【論文閱讀】End-to-End Model-Free Reinforcement Learning for Urban Driving Using Implicit Affordances

阿新 • • 發佈：2022-01-02

文章名：CVPR2020: End-to-End Model-Free Reinforcement Learning for Urban Driving Using Implicit Affordances
Column: December 14, 2021 11:15 AM
Last edited time: December 31, 2021 6:46 PM
Sensor: 1 RGB
Status: Finished
Summary: RL; carla leaderboard
Type: CVPR
Year: 2020
引用量: 44

參考與前言 resource

程式碼：https://github.com/valeoai/LearningByCheating；雖然程式碼是lbc的名字

但是其實是作者fork過來的，然後基於lbc基礎上進行自新增刪除等 hhhh （原來fork過來的是沒有issue欄了 emmm）

論文地址：CVPR 2020open access

視訊：

https://www.youtube.com/watch?v=hfEos9HpgBA

1. Motivation

IL DRL 對比

首先主要是指出模仿學習的缺點：因為專家的資料都是great，也就是你承認他開車開得對，沒有開錯的，這也就造成了一個distribution mismatch，只有好的資料；當然也有文章[1,32] 指出：那我就填開錯的資料進去，但是呢這種資料一般都是車保持在本車道/lateral control

[ ] 我沒搞懂這個lateral control是指橫向控制偏失嗎？

所以呢，DRL不會有distribution mismatch的問題，因為他的資料都是在提供reward signal下通過RL來學的，而這種情況下呢，不是說車開的對錯，而是你車開的好壞 how good action taken

但是呢DRL也面臨著一些問題：

依賴於replay buffer，而這個buffer又會限制input size比較小
black box → 所以有些方法是先提取資訊，比如得到分割圖片後在傳到controller，以此檢驗是否關注到資訊點了

Contribution

根據前面的對比，引出自己的contribution：

我們是第一個成功使得RL在複雜駕駛環境上用的，環路相遇和交通燈識別等
引入了一種新的技術：implicit affordance 使得RL可以在大網路下和大input size 使用replay remory的訓練

主要就是兩個階段，這樣RL這邊接收的就不是raw image，memory剩下20倍左右。

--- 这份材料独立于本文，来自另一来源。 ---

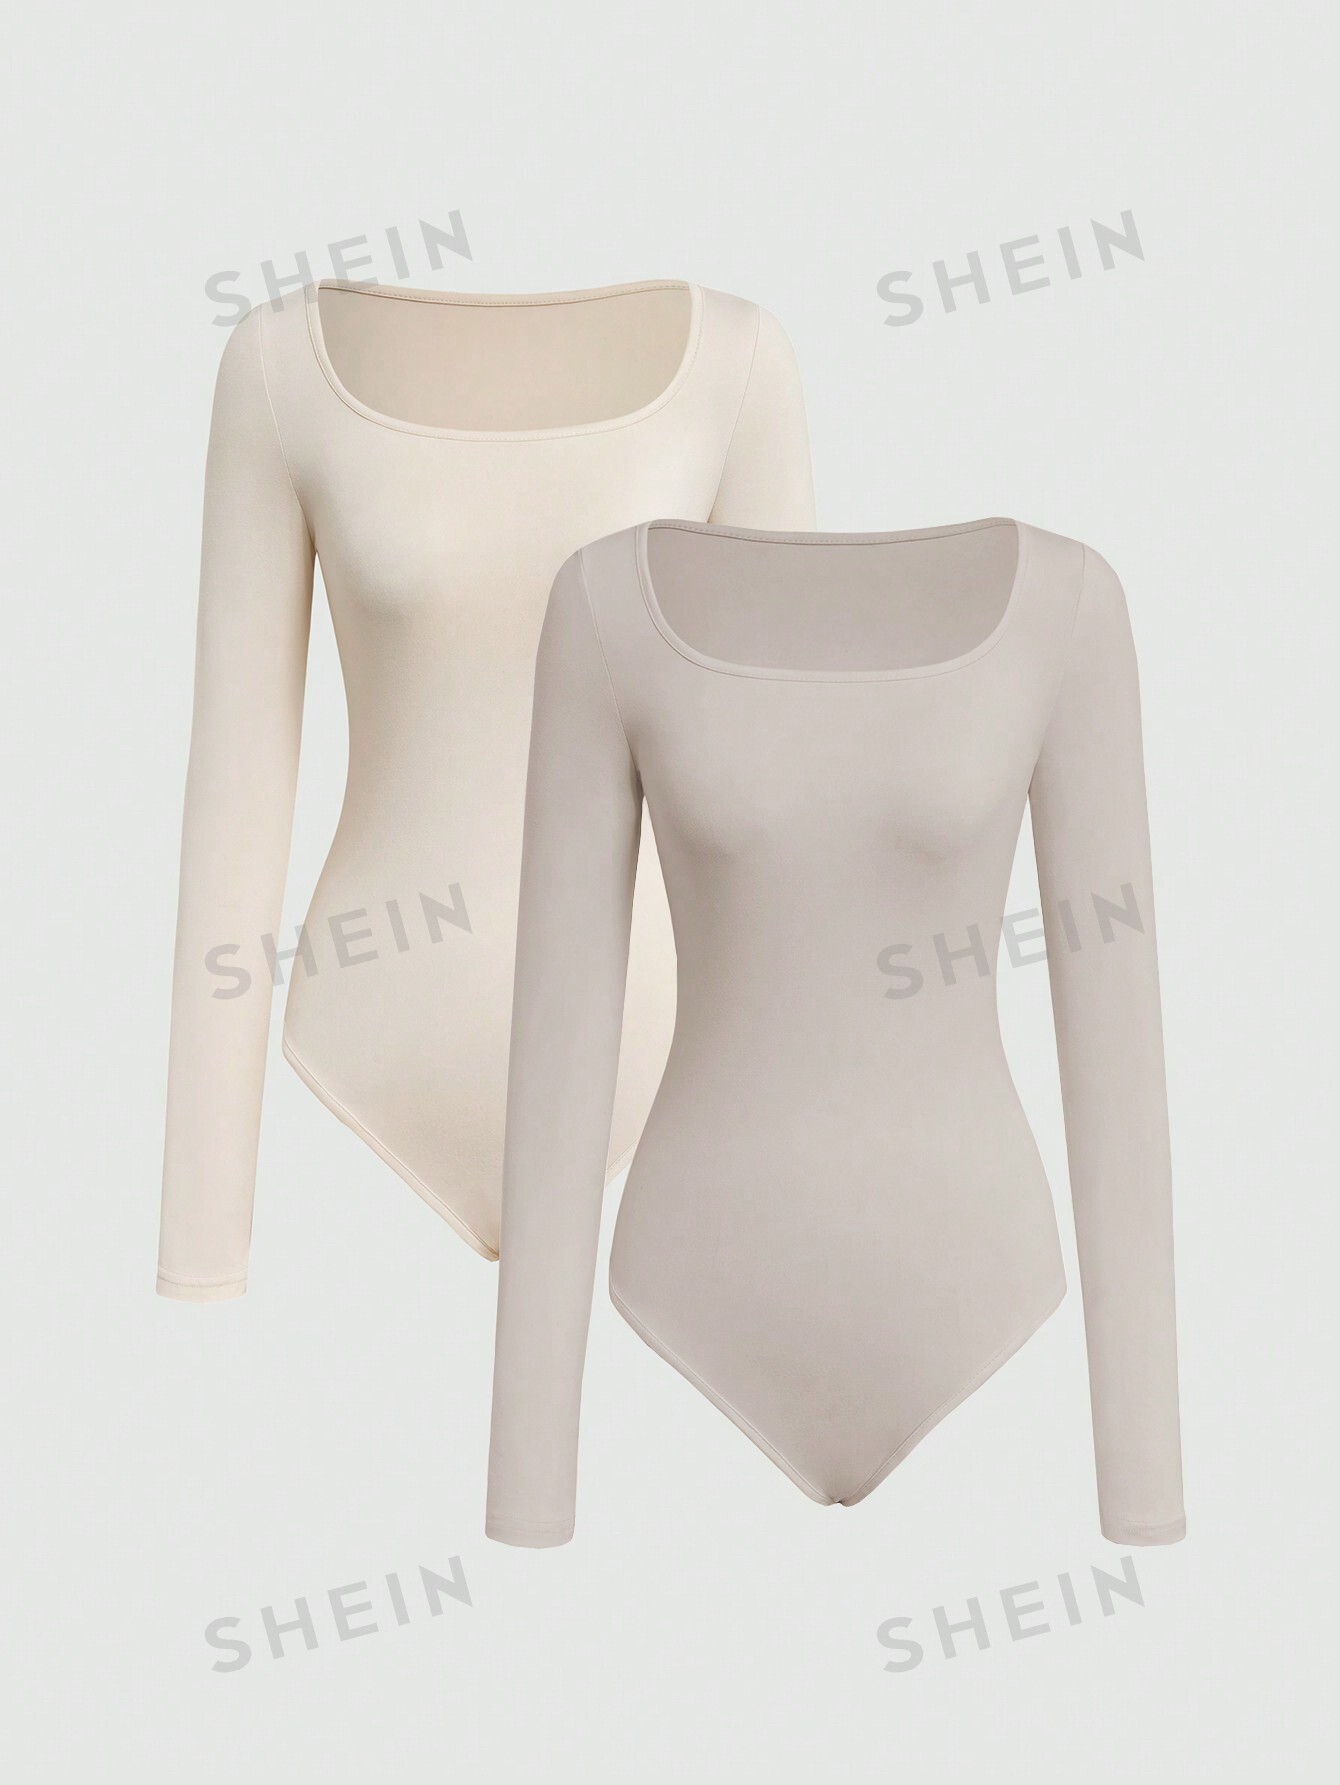 shein essnce трехцветное облегающее боди футболка с длинными рукавами многоцветный SHEIN MOD Женское однотонное боди с длинными рукавами, хаки

→ 好像之前想的降維操作哎
1. 用resnet18框架去輸出 feature
2. 然後 RL 接收 這個降維後的feature
做了 implicit affordance 和 reward shaping 的消融實驗

總的來看 contribution除了第二點，emm 其他貢獻其他文章也基本有的；

第二點最好再仔細看一下method部分

不過我感覺這個introduction寫的不錯哎，比較全和明瞭去介紹並提出了貢獻點二，可以借鑑一下

2. Method

輸入是1個相機（4張連續時間的圖片），加RGB是3個通道，一共下來12個通道，那應該是batch_size x 12 x 288 x 288
輸出是方向盤轉角和油門

整個框架

RL 設定

首先選的是value-based method，當然這樣的設定就導致我們看的動作都是離散的，文中並沒有做policy-based的對比（挖坑後面做），借鑑開源的Rainbow-IQN Ape-X 但是去掉了dueling network

溫馨連結：RL policy-based method和value-based method區別

Reward Shaping

原來這個shaping是指... reward setting

計算的方法主要是 Carla提供了waypoint的API來進行判斷，當遇到路口的時候，隨機選擇（左、右、直走），reward主要由以下三個決定

desired speed：reward range [0,1]

如果在期望速度給最大1，然後線性打分當速度高了或者是低了，本文中期望速度為40km/h
- 展開可見圖片示意
desired position：reward range [-1,0]

如果剛好在道路中心的路徑點給0，然後和相距距離成反比的給負reward，以下兩種情況episode直接停止，並設reward為-1，本文設定\(D_{max}=2\text{m}\) 也正是中心線到路邊緣的距離
- 與中心路徑點相距超過\(D_{max}\)
- 與其他東西相撞，闖紅綠燈，前無障礙物/紅燈時車輛停下來
desired rotation

這一個設定的是因為作者發現只有前兩個的時候，車子會在有障礙物的時候直接停下，而不是繞行，因為繞行會讓他的第二個reward下降，直行的話又會使他撞上去 → 有做消融實驗證明

reward 和 optimal trajectory的angle差距值成反比
- [ ] 但是看到這點的時候，我本來打算看看rotation的reward範圍，然後發現這個作者... 是假開源，他並沒有開源RL expert的程式碼 emmm，也沒有給出RL跑的資料集 → 按道理不給程式碼給資料集應該不難？程式碼裡只有load他的model~~，連Dataloader都沒有 emmm~~
- [ ] 還有一點是在換道的時候 reward還是會偏離原路徑點的angle呀，如果是optimal trajectory的角度的話，並沒有定義清楚optimal trajectory是由誰給出的
  
  噢是不是他在開頭嫌棄的那個carla的expert？→ 不對啊他不會換道呀

Network

整體圖

① RGB → resnet那層，在classif_state_net這層輸出，把他展開成一維的長度：8192

classif_state_net = encoding.view(-1, self.size_state_RL)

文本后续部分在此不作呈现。